Please note that this article is intended for educational purposes only and should not be deemed to be or used as legal, employment, or health & safety advice. For guidance or advice specific to your business, consult with a qualified professional.
If you run a business and talk to your accountant, you may hear the term fiscal year (FY). It’s simply a period of one year that a company uses for financial accounting, budgeting and measuring financial performance.

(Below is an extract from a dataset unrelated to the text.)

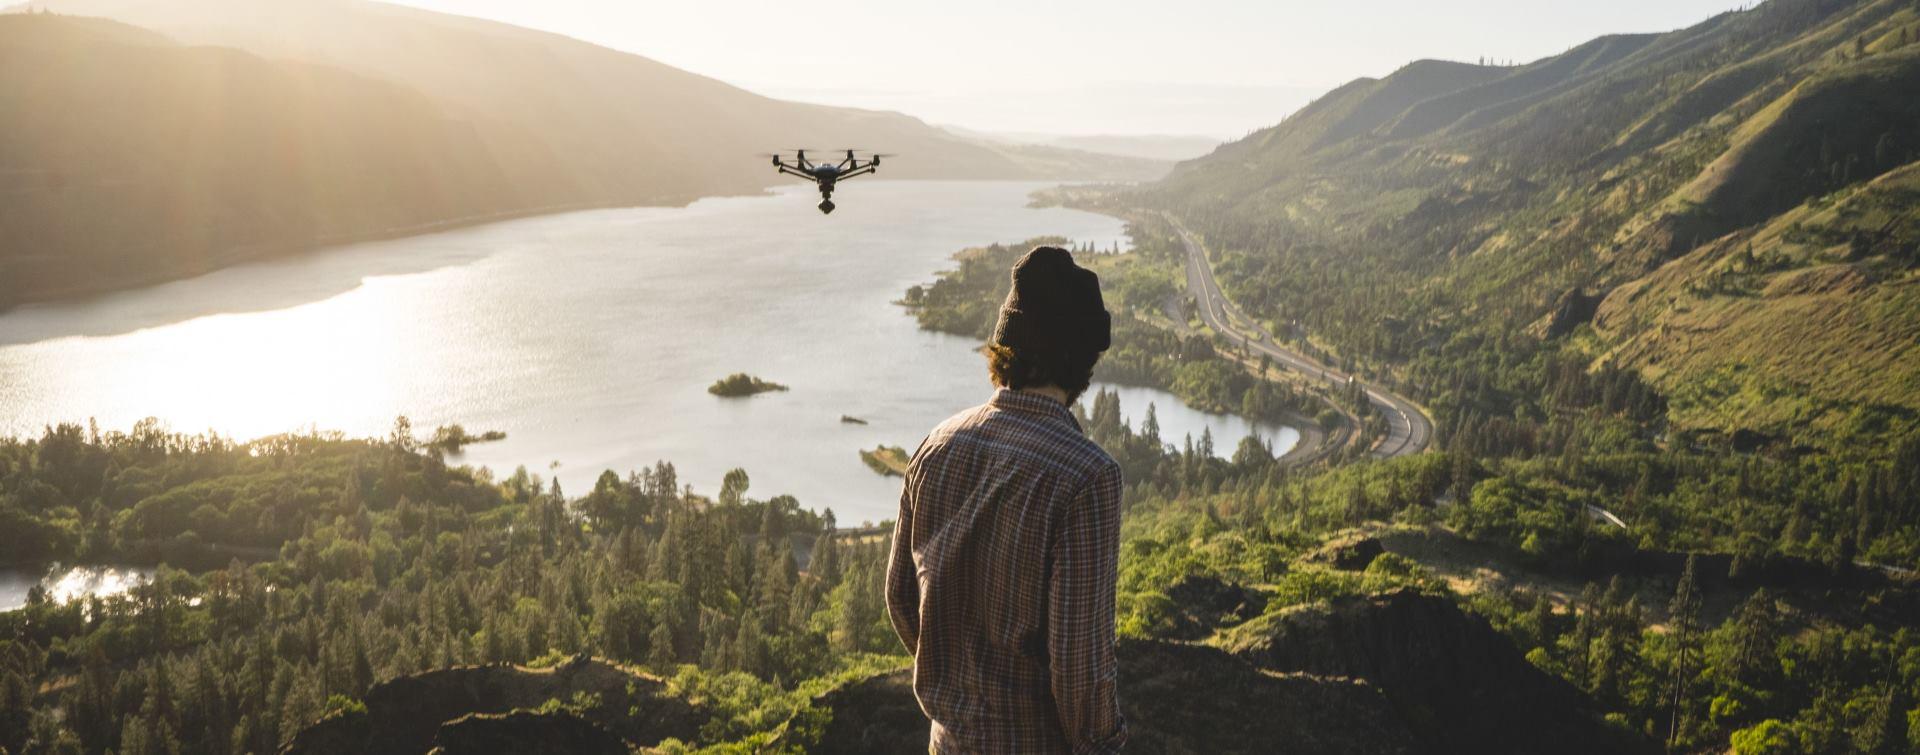 VIDEO: Proučimo dron za spasilačke situacije

Companies operate an FY, also known as a financial year, which may be different to a tax year. For example, while the government-defined tax year in the UK runs from 6 Apr to 5 April the following year, an FY may be different. Many companies run an accounting period in alignment with the
calendar year from 1 January to 31 December
Others choose a non-calendar year. For example, the year-end for colleges might coincide with the end of the school year i.e. 31 July. Some companies base their fiscal period on the date they were incorporated. Others base it on their revenue cycle; tech companies, for example, often report strong sales in the first six months of a year, so 30 June is common as an end-date.

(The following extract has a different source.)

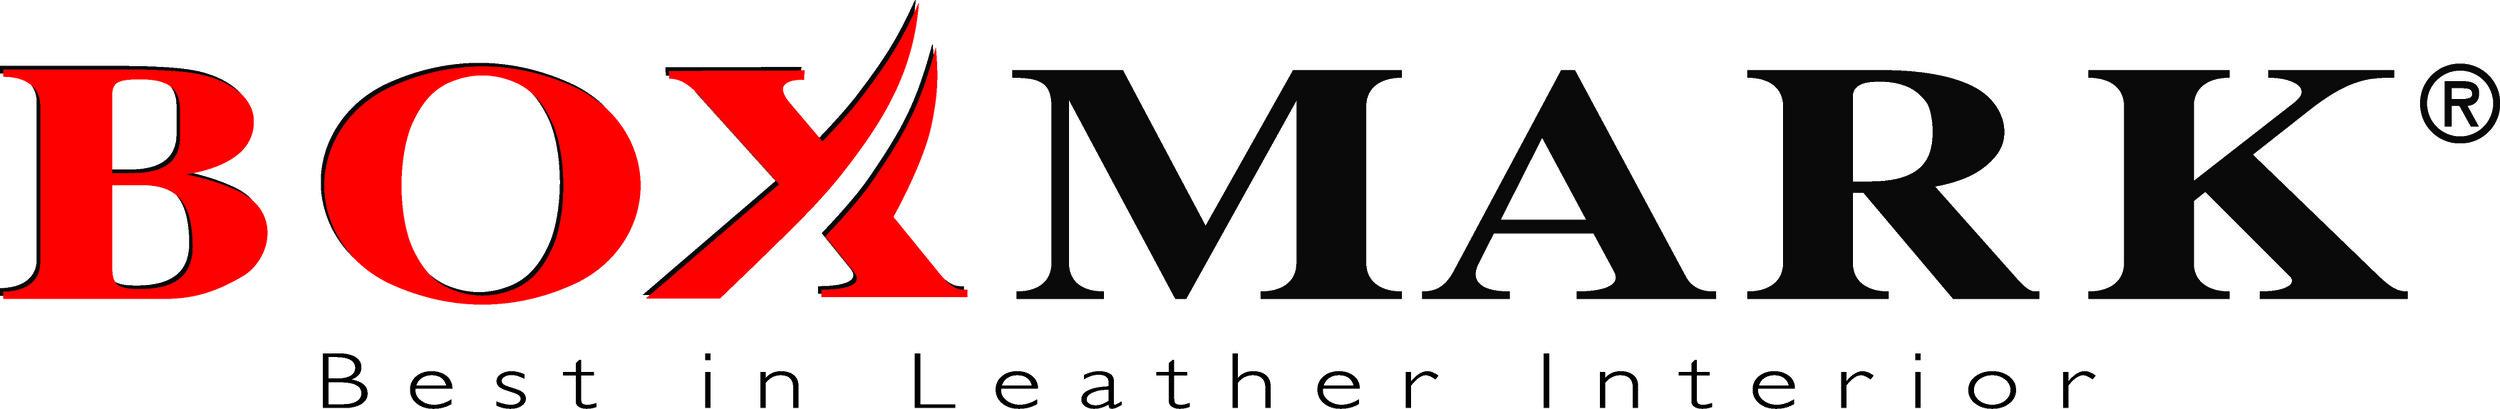 Logo Boxmark CMYK.JPG

Why is a fiscal year important?
Having a defined FY allows companies and investors to measure performance over the period of one year. It also allows them to compare revenue and costs with previous years, and thus make business decisions.
It may be further broken down into fiscal quarters or months to allow for more detailed comparisons; for example, when an accounting audit is undertaken.
HMRC requirements for fiscal years
The accounting period you choose can’t be longer than 12 months. When you set your calendar year-end affects your deadlines for paying corporation tax and filing a company tax return.
Once you register for corporation tax with HMRC, you’ll be sent a letter confirming your accounting period.
If your accounting year runs for more than 12 months, you are required to
file two tax returns to cover the period.
Why companies use different fiscal years
The main reason companies opt for different year-ends depends on when their major income period falls. Many businesses make most of their income during the holiday season, so it makes sense to limit the effects of seasonal fluctuations by finishing when income is at its highest. Plus, it’s not easy to file year-end accounts during such a busy period. Other businesses make most of their money in the summer, so finishing on 1 October is more logical.
A company may change its fiscal arrangements either because it paused trading and resumed at a later date, because it wants to align its FY with other companies within the group or because its FY coincides with a quieter trading time and helps ease staff workloads.
Frequently asked questions about fiscal years
When does a fiscal year start?
Most companies run their fiscal period from 1 January to 31 December, but this isn’t always the case. As long as it is a 12-month period, they can run their FY over any chosen period.
When does a fiscal year end?
More often than not, FYs finish on 31 December, but whatever 12-month period a company chooses, the last day of an FY is always the last day of a month. An FY can be shorter than 12 months but cannot be longer.
How do I know my fiscal year?
It is a 12-month period that you choose for your company’s accounting. This can be the same as the calendar year (1 January to 31 December) or another period. You can allocate your accounting period based on the seasonality of your business – you might choose to have your FY end in the quarter after major business activity has finished, making it easier to see how your business has done during the year.